Russia, Georgia, What is Europe's Policy?

This is one of the interventions on the Russian-Georgia conflict and what it means for Europe and the democratic world.

This article appeared in the Independent, London 20 August 2008


The mood has darkened across the whole of Europe

After eight years of division within Europe on geo-political strategy, is the Russian Prime Minister, Vladimir Putin, building a new sense of purpose in Europe and between the EU and the US? After the unhappy era of George W Bush diplomacy which led to greater divisions within Europe and between Europe and the USA than in past decades, is Mr Putin the new wizard who can unite Europe and reforge a 21st century Atlantacism?
Far from being a chess match in which the Russian grandmaster knocks a pawn off the board, all of Europe is looking hard at what the Putin doctrine means and it does not like what it sees. In the first days after the Russian land, sea and air invasion of a UN soveriegn President Sarkozy was patting himself on the back after his high-speed shuttle between Moscow and Tbilisi, while Berlin believed its decision to block Georgia's access to Nato was the correct policy.
Today the mood has darkened. Mr Sarkozy now says Russia must withdraw completely from all of Georgia. Mrs Merkel says Georgia can join Nato. Poland rushes to sign a deal with America on missile defence. Ukraine now moves to the frontline as Kiev looks west to Nato and the EU in Brussels for support, rather than north to Moscow for orders. Even Belarus says it want to build relations with the EU and with America.
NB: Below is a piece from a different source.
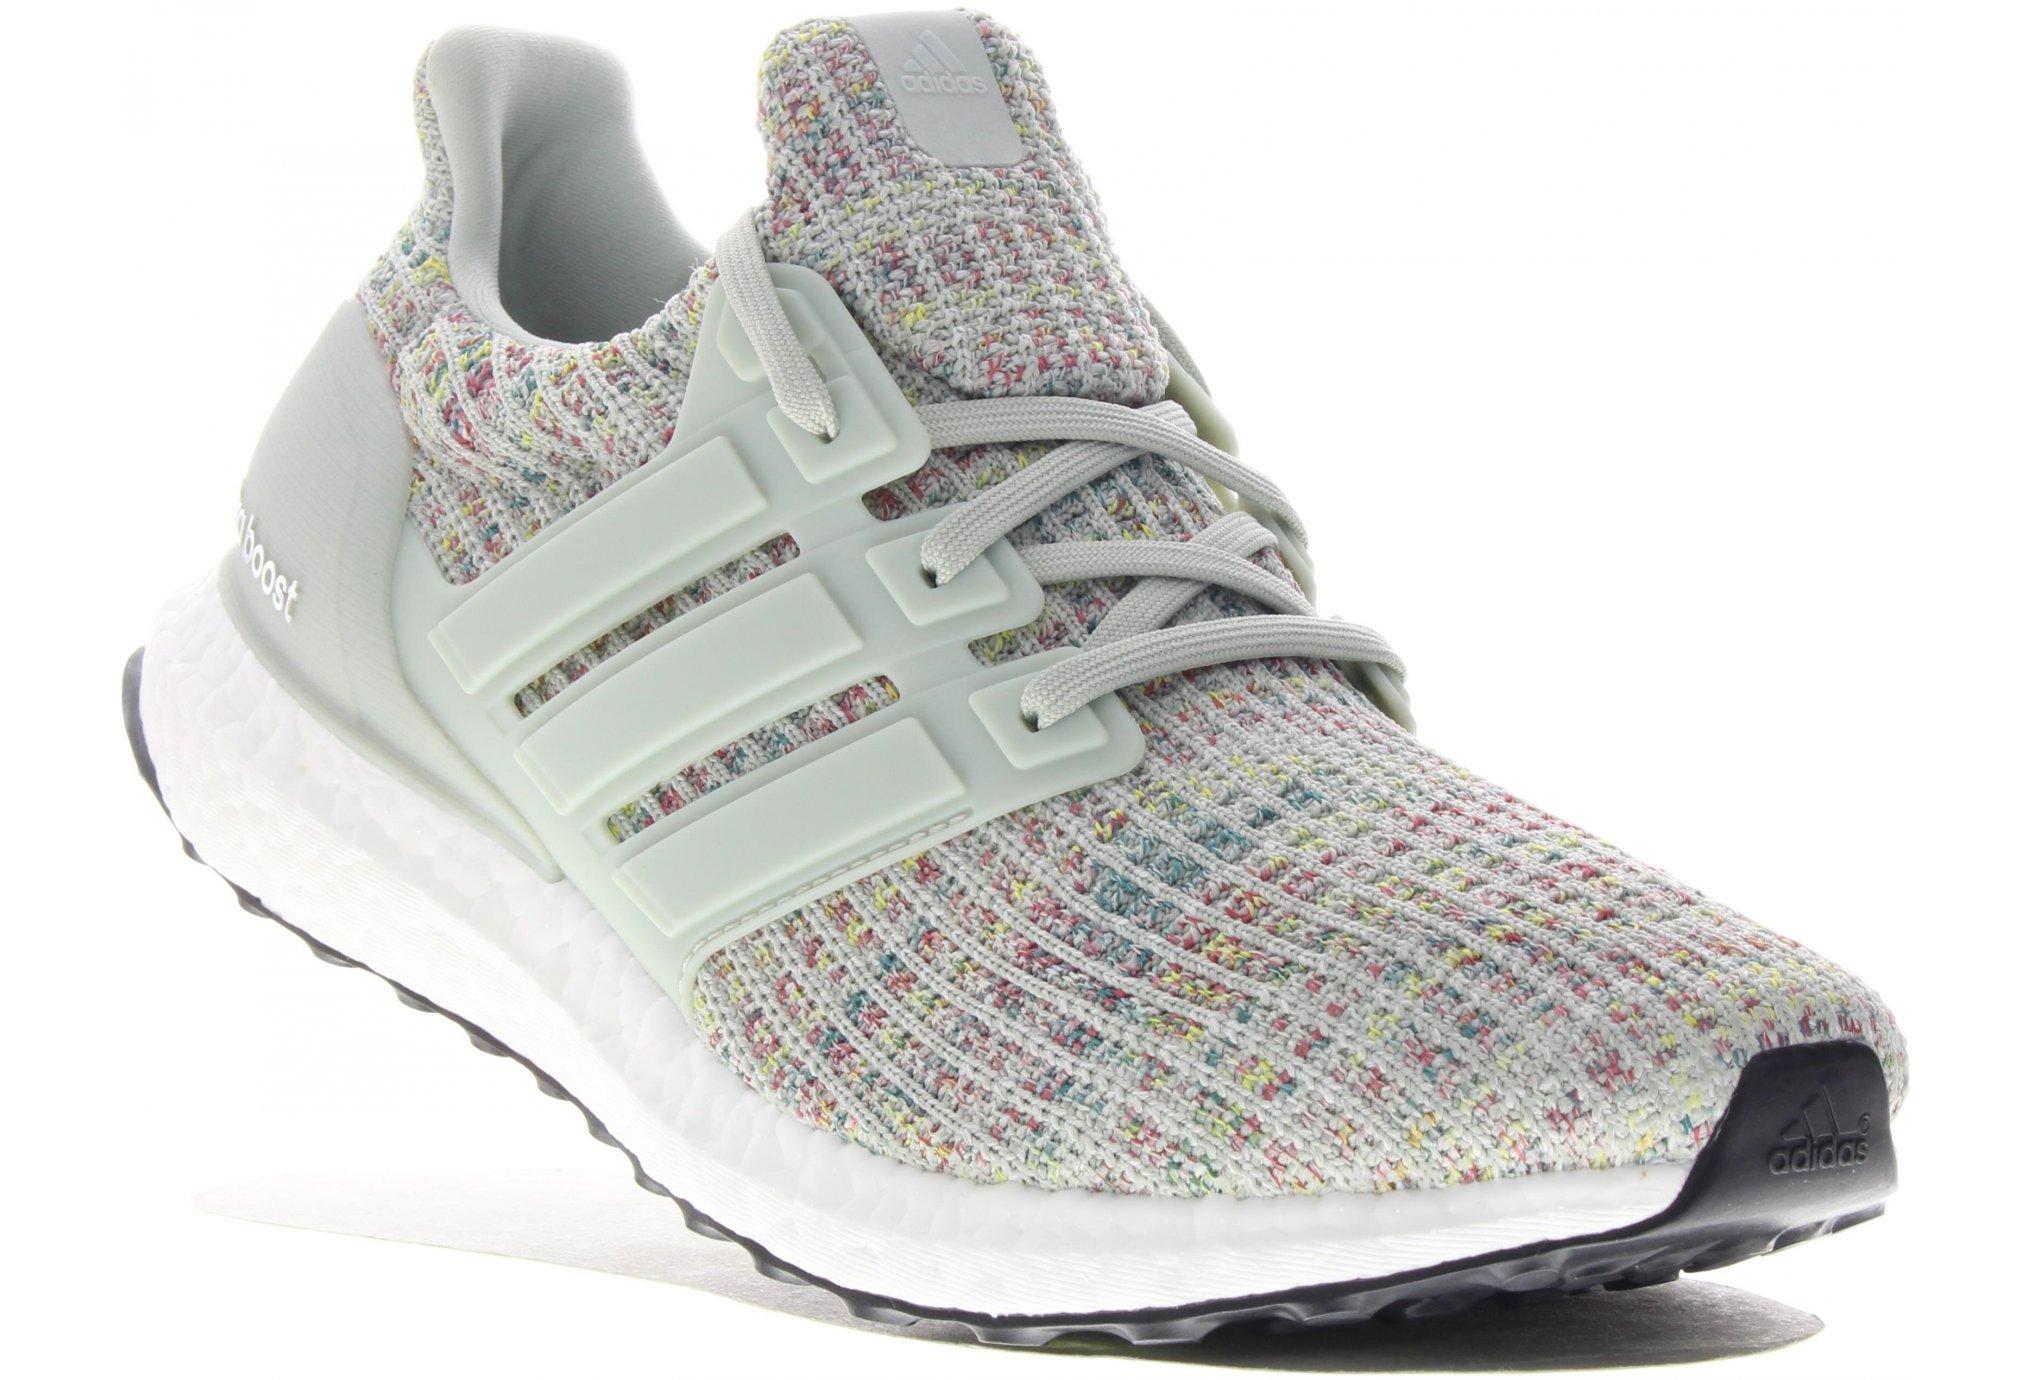 adidas UltraBOOST M Diététique Chaussures homme

Putin apologists in the West like to blame America and the Bush-Cheney years for worsening relations with Russia. Yet Senator Obama will not allow himself to be outflanked with accusations of being soft on the Kremlin. Putin has given the American arms industry and Democratic as well as Republican neo-cons a perfect opening to launch a new Cold War.
The Kremlin wants to drive a wedge between its neighbours and other European states, and between America and Europe. And in its version of Euroscepticism, Moscow wants to disaggregate EU member states into competing nations that reject EU unity.
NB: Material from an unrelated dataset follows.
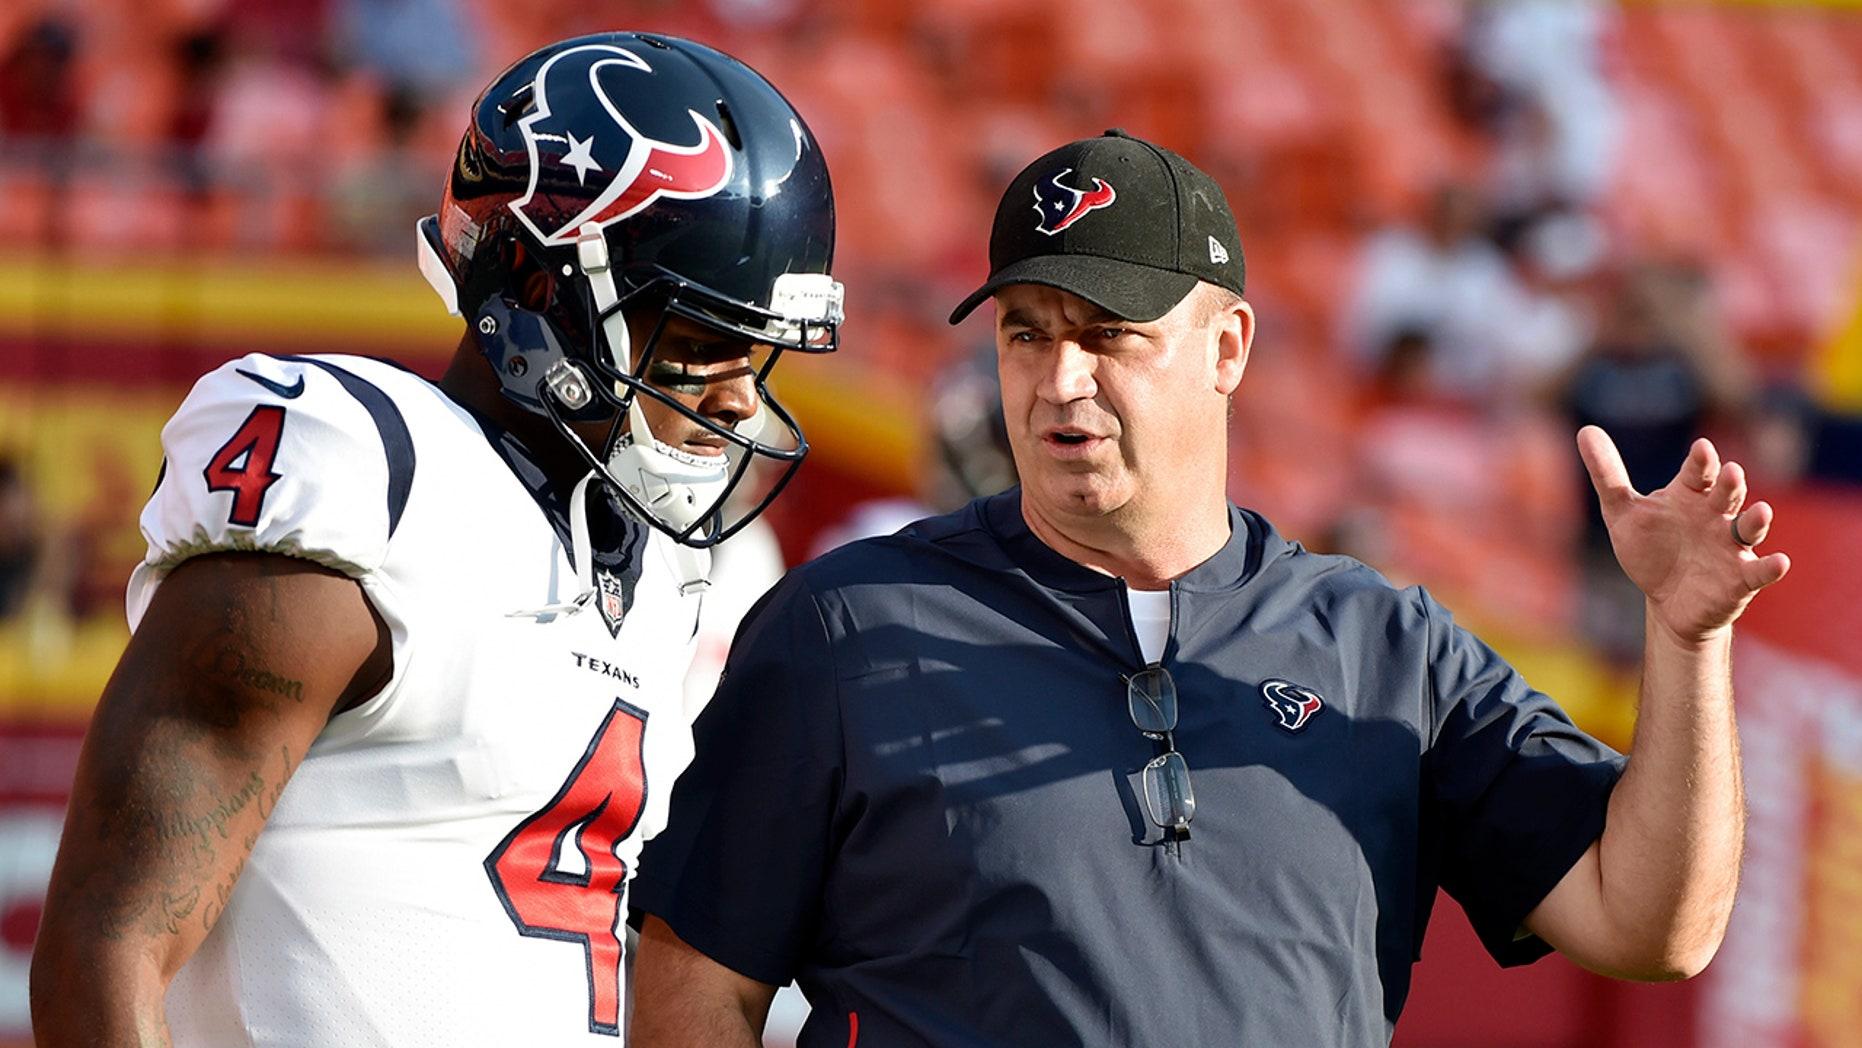 Texans head coach Bill O'Brien, right, defended quarterback Deshaun Watson

How should Europe respond? Europe needs its own doctrine to deal with a Russia which rejects the European Union’s norms of rule-of-law, freedom of expression and a state accountable to justice and independent political parties. It is not a remake of the Cold War. Russia is reverting to a 19th century nationalism at a time when Europe and the world needs post-national institutions like the EU to allow proud nations to cooperate and grow together in place of the zero sum politics of the Kremlin.
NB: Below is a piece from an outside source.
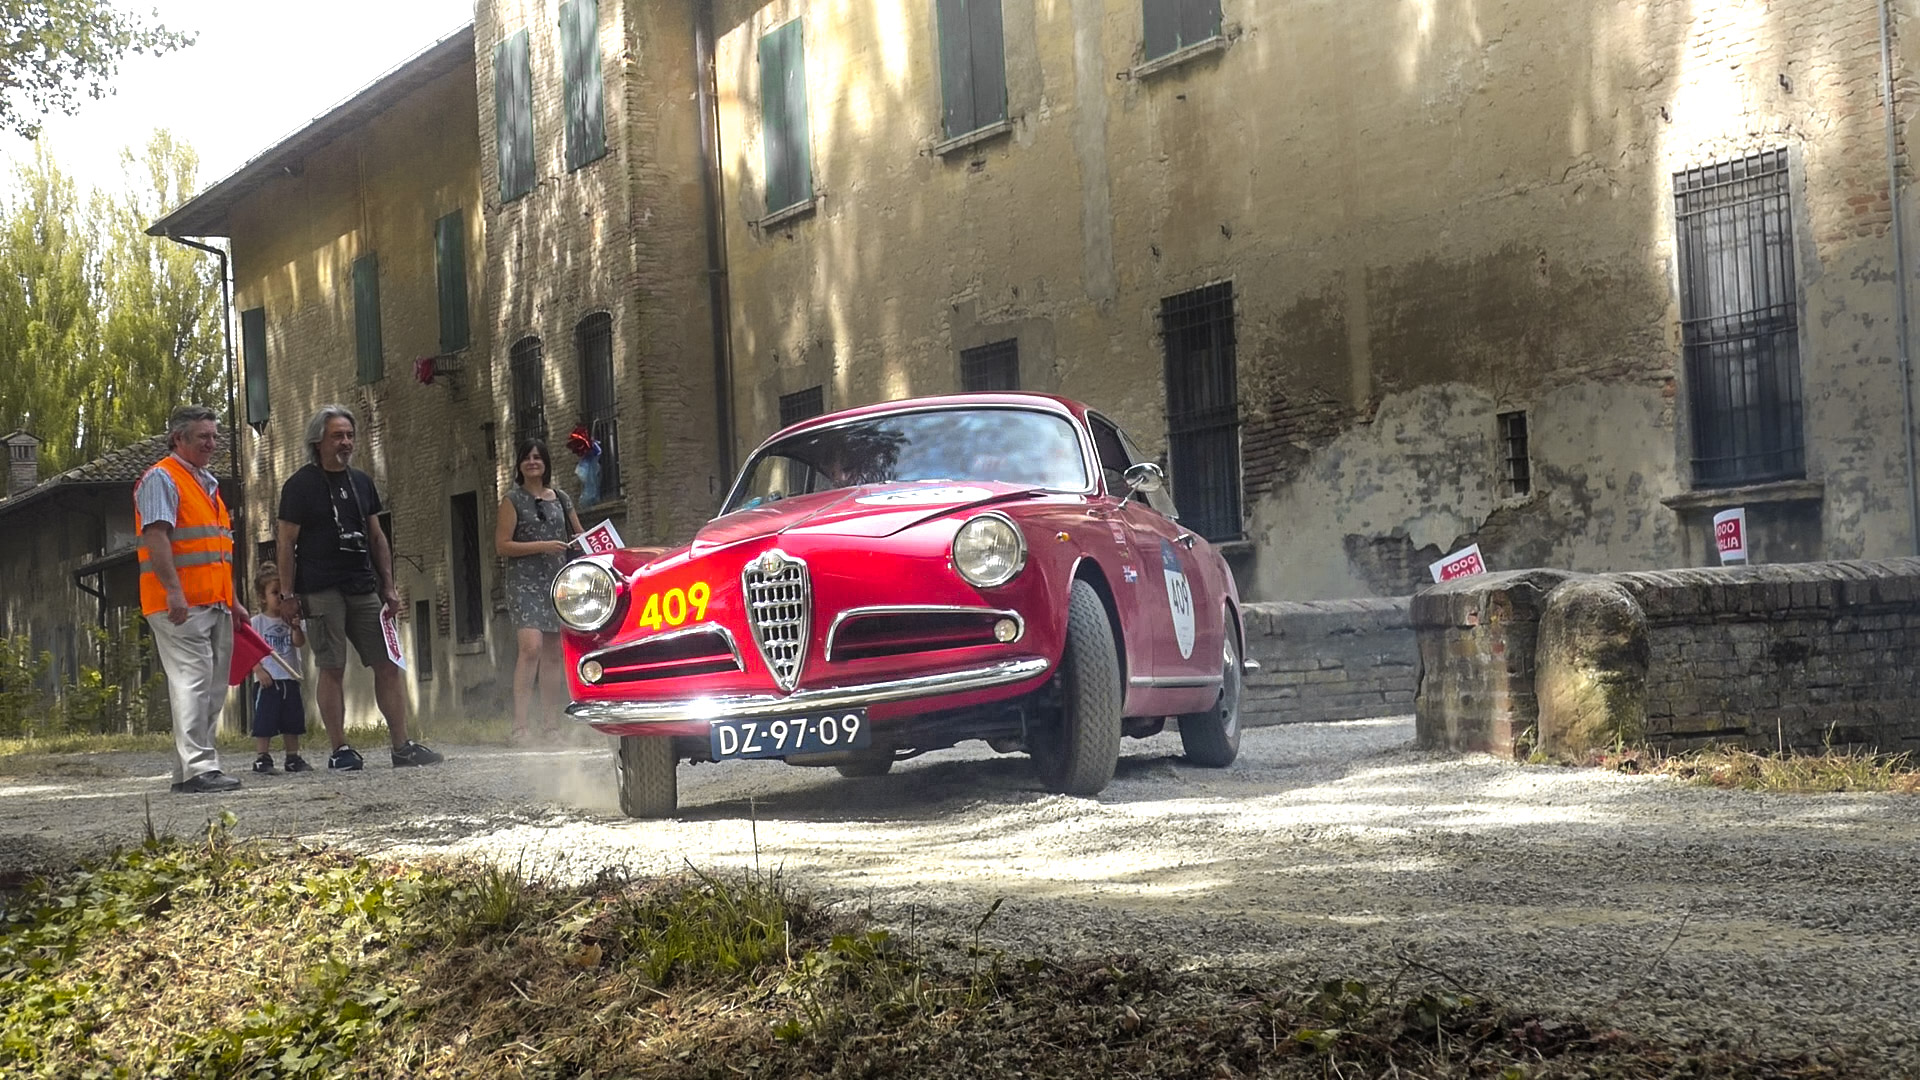 Alfa Romeo Giulietta Sprint - DZ-97-09 (NL)

Today we need a containment and co-operation policy with Russia. Russia is weaker than Putin's rhetoric implies. It has an unhealthy shrinking population the size of Bangladesh and a GDP per capita lower than Equatorial Guinea. To be sure, Europe needs Russian oil and gas and Russia needs European investment under FDI. So co-operation aimed at drawing Russia closer to European norms of an open market economy should remain policy.
But on the political front, it is time to admit that efforts since the early 1990s to be friendly to Russia have failed. Far from the West seeking to humiliate Russia, the doors of every western institution have been opened to Moscow. Her generals sit as observers at Nato meetings. Russians have been made welcome at the Council of Europe.
Russia is European by culture and it is in Europe that the bulk of Russians live. It took many patient years of containment before Sovietism expired. Sadly, Russia has refused the chance to become a full, open, partner of Europe on the basis of democracy, rule of law and respect for European norms and values. A new policy based on as much containment as necessary and as much co-operation as possible is needed.
Conservative neo-con language is as useless as those who find excuses for Putin's doctrine of anti-West aggression. Russia has insisted on asserting national interests and defied international institutions and rules. Europe should fashion a containment-cooperation policy that offer Russia full partnership but on modern European terms not the 19th century nationalist politics Putin practises. If not, the sabre-rattlers in both Moscow and Washington will resume their old game.